Activity: Write out exactly, excluding pictures, the lines from the one containing "Size chart for" through the end of the data, both included.
═══ Given data
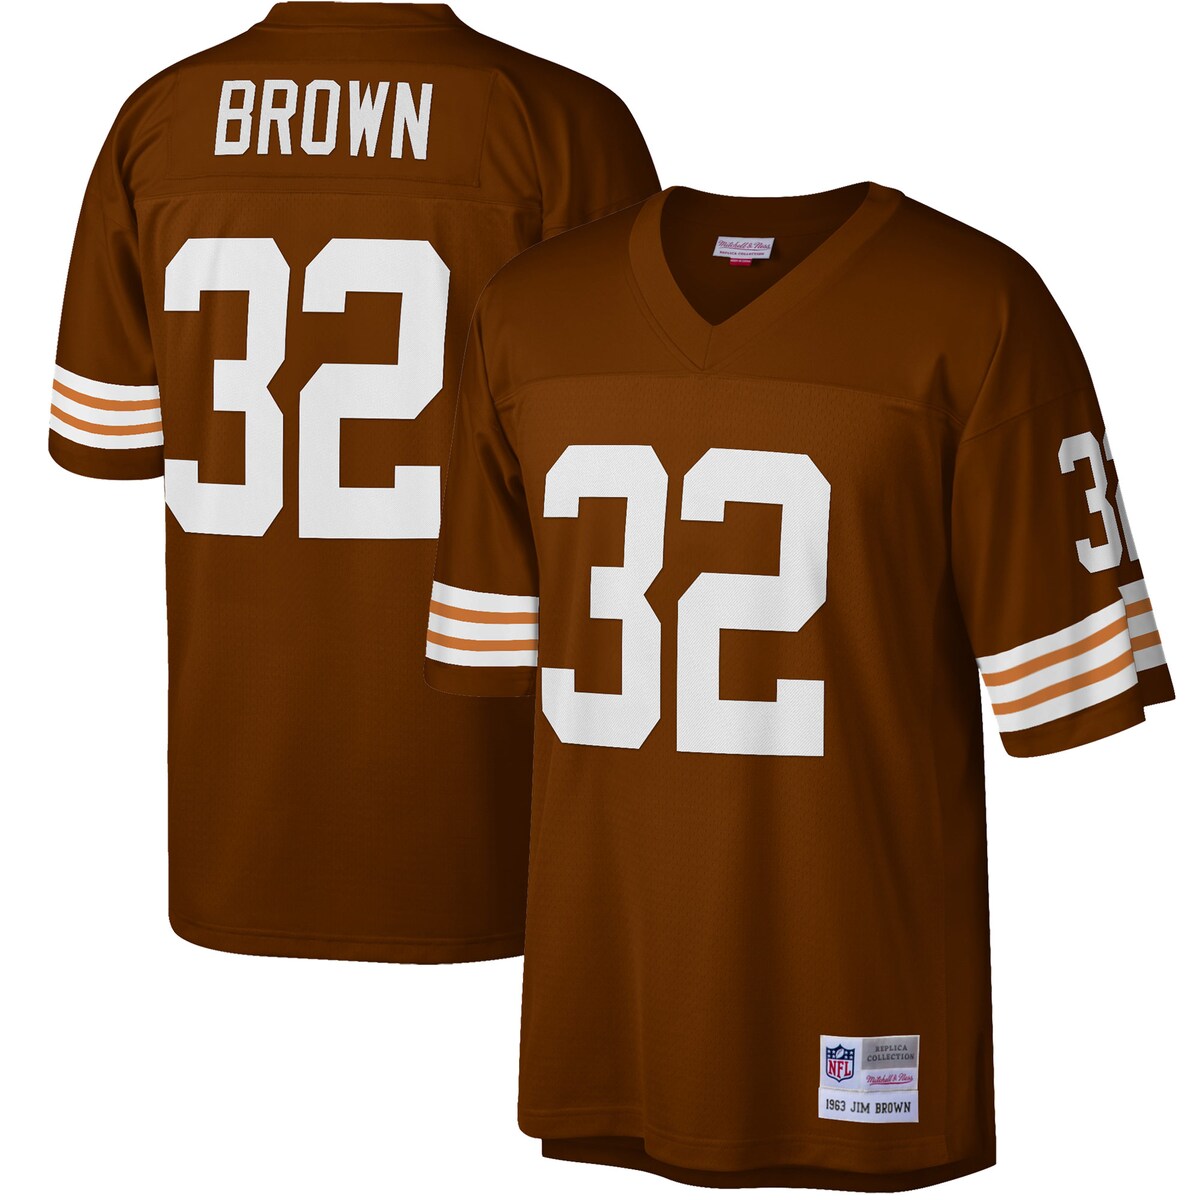 Showcase who your all-time favorite Cleveland Browns player is by sporting this Jim Brown 1963 Retired Player Replica je...
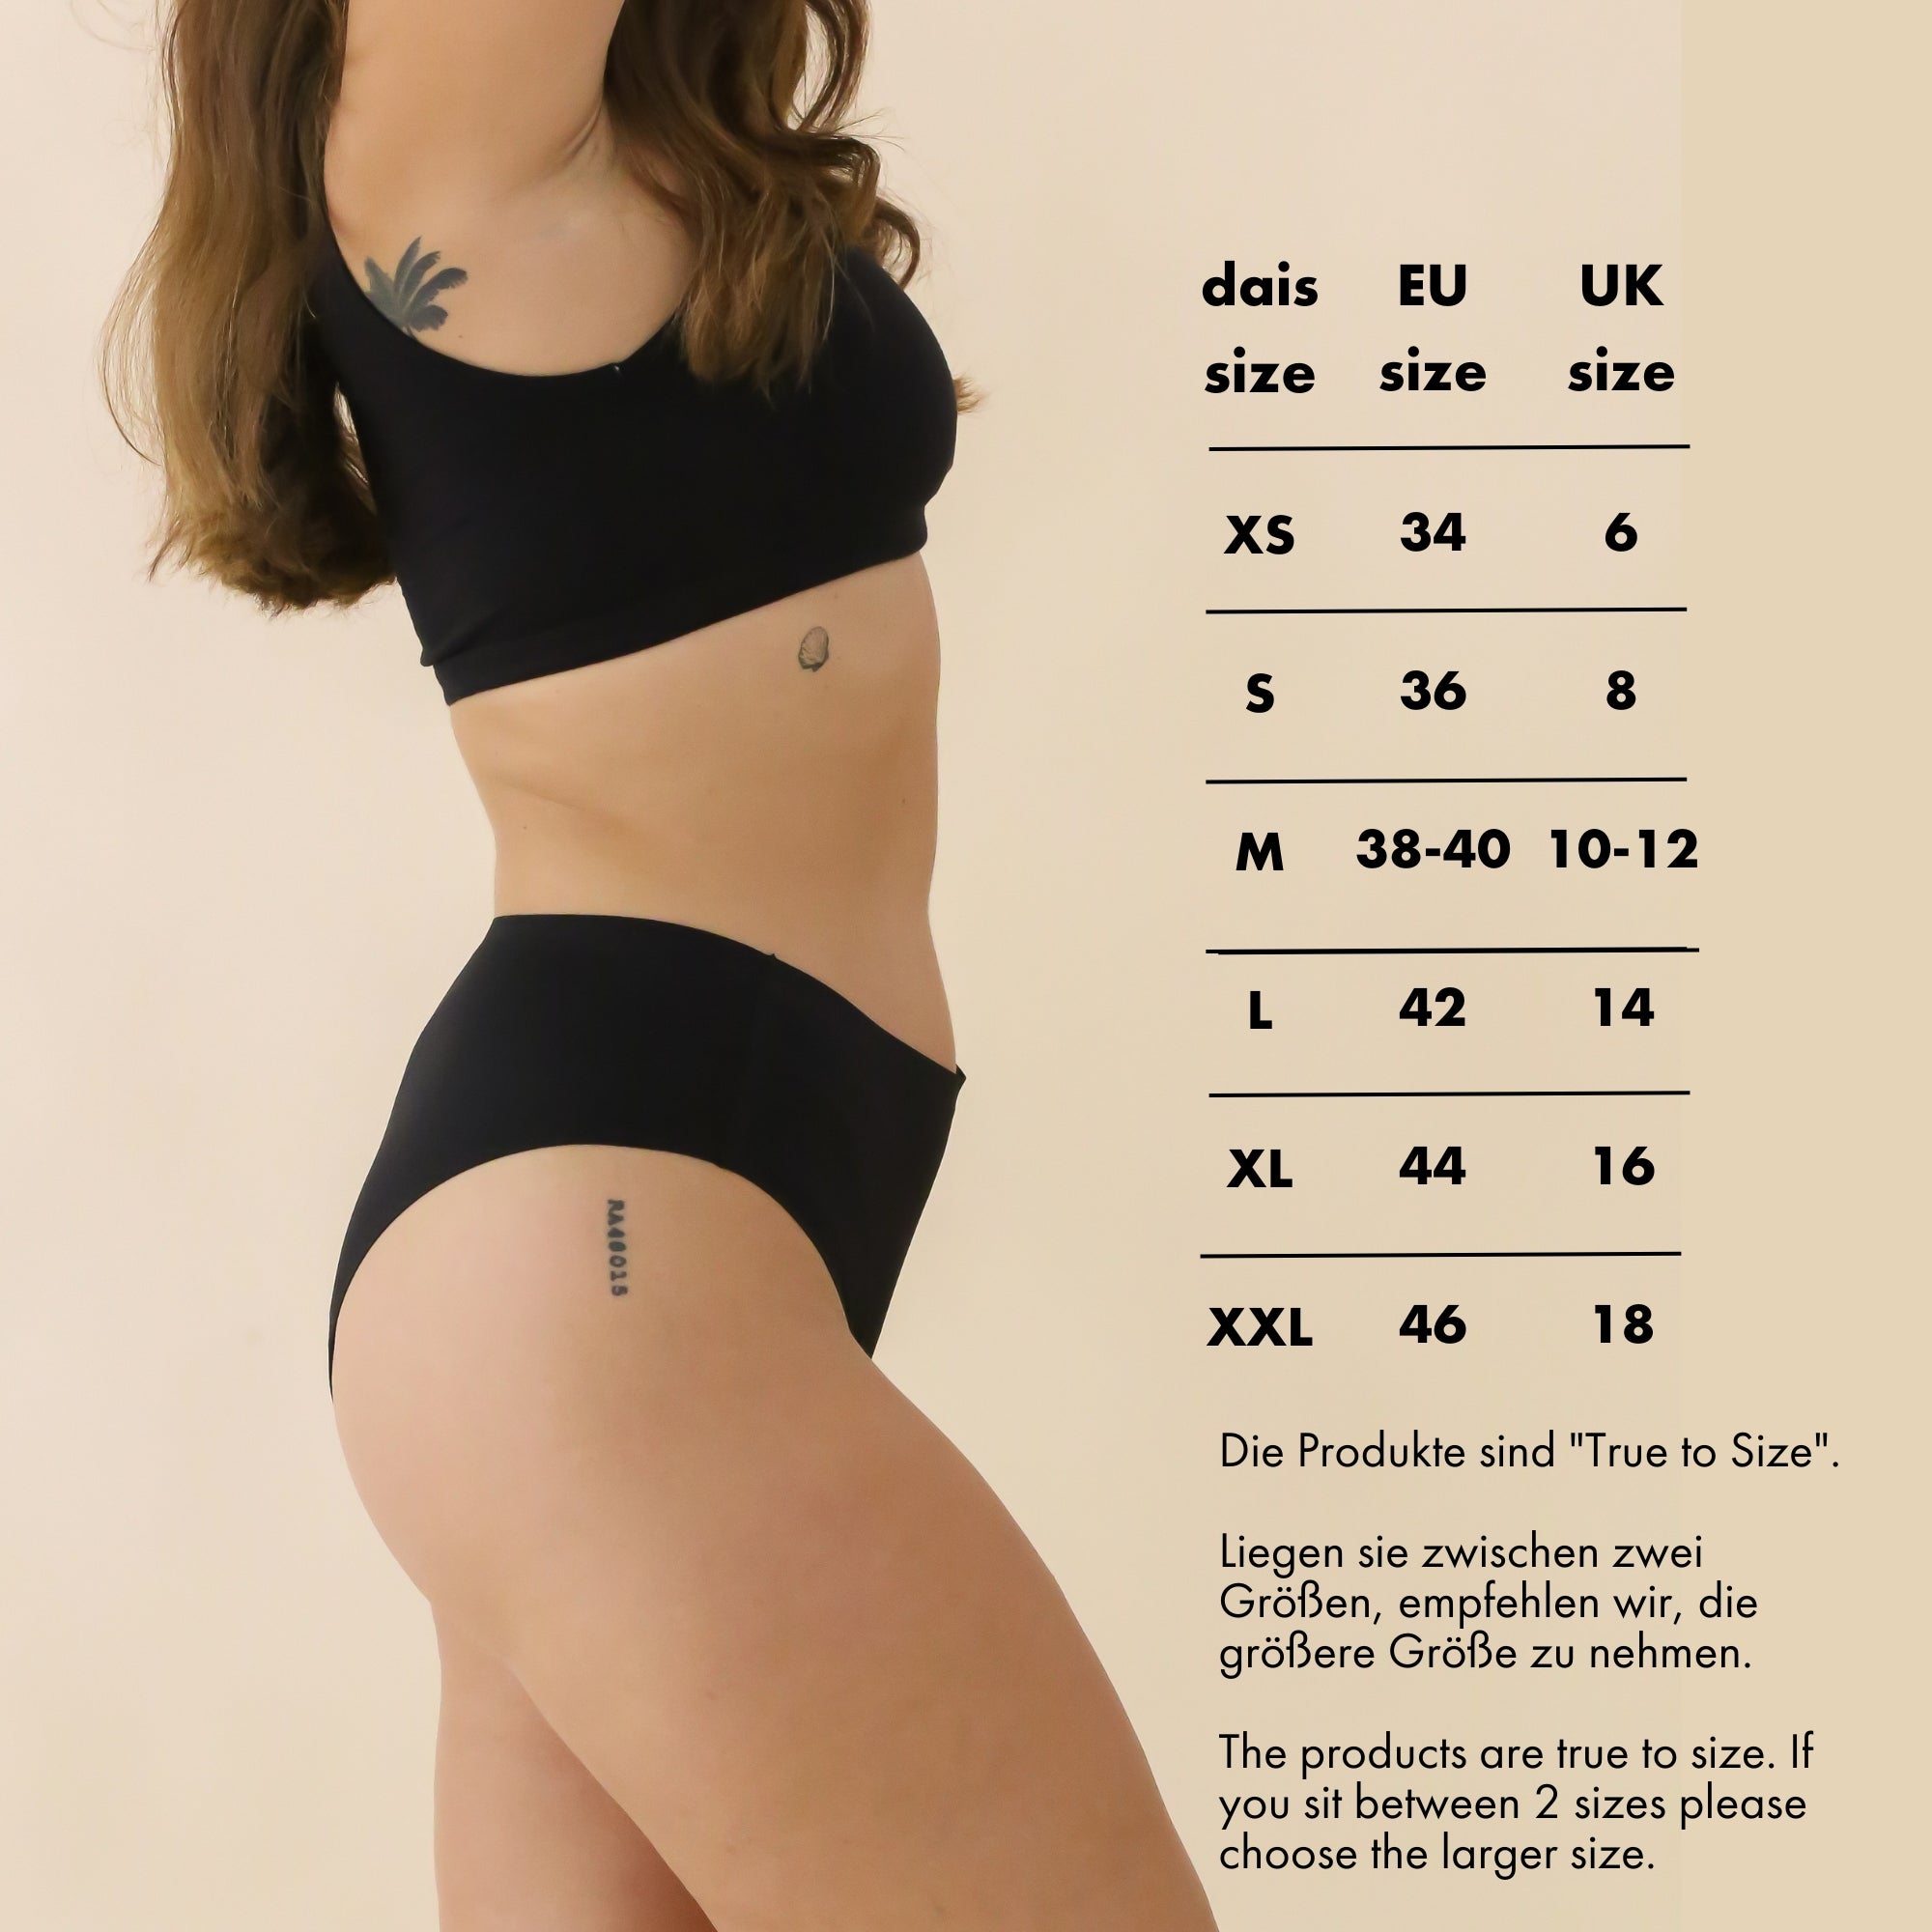 Size chart for dais period underwear in hipster and cheeky cut with options XS, S, M, L, XL,XXL with EU and UK size conversions.
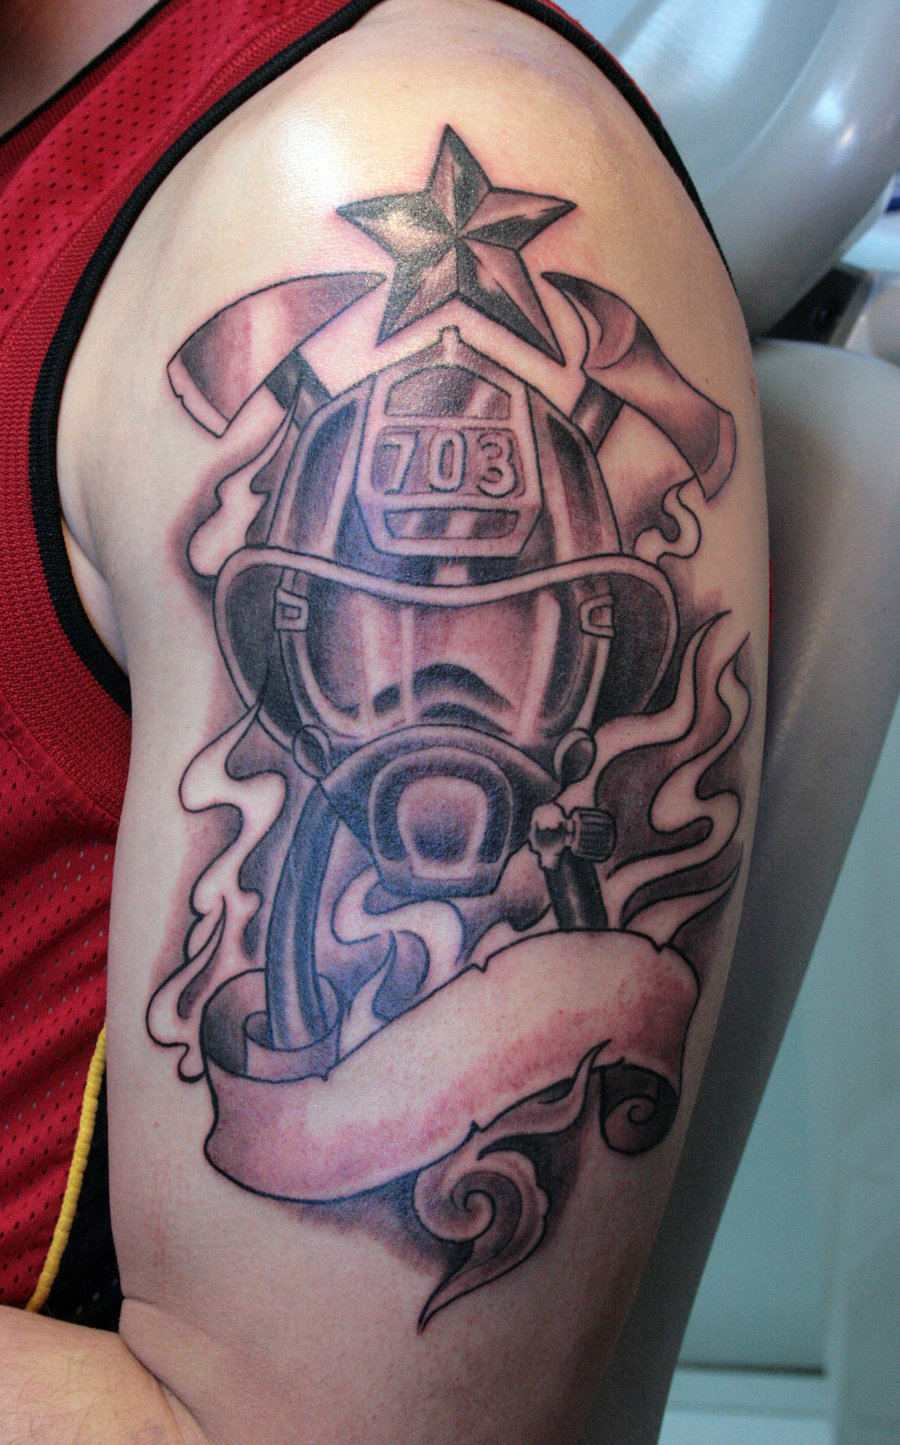 Fireman tattoo for my dad. He loves it and so do I. Done by Aaron Jackman  of Ghost Tattoo in Las Vegas : r/tattoos
══════
Response to the exercise:
 Size chart for dais period underwear in hipster and cheeky cut with options XS, S, M, L, XL,XXL with EU and UK size conversions.
 Fireman tattoo for my dad. He loves it and so do I. Done by Aaron Jackman  of Ghost Tattoo in Las Vegas : r/tattoos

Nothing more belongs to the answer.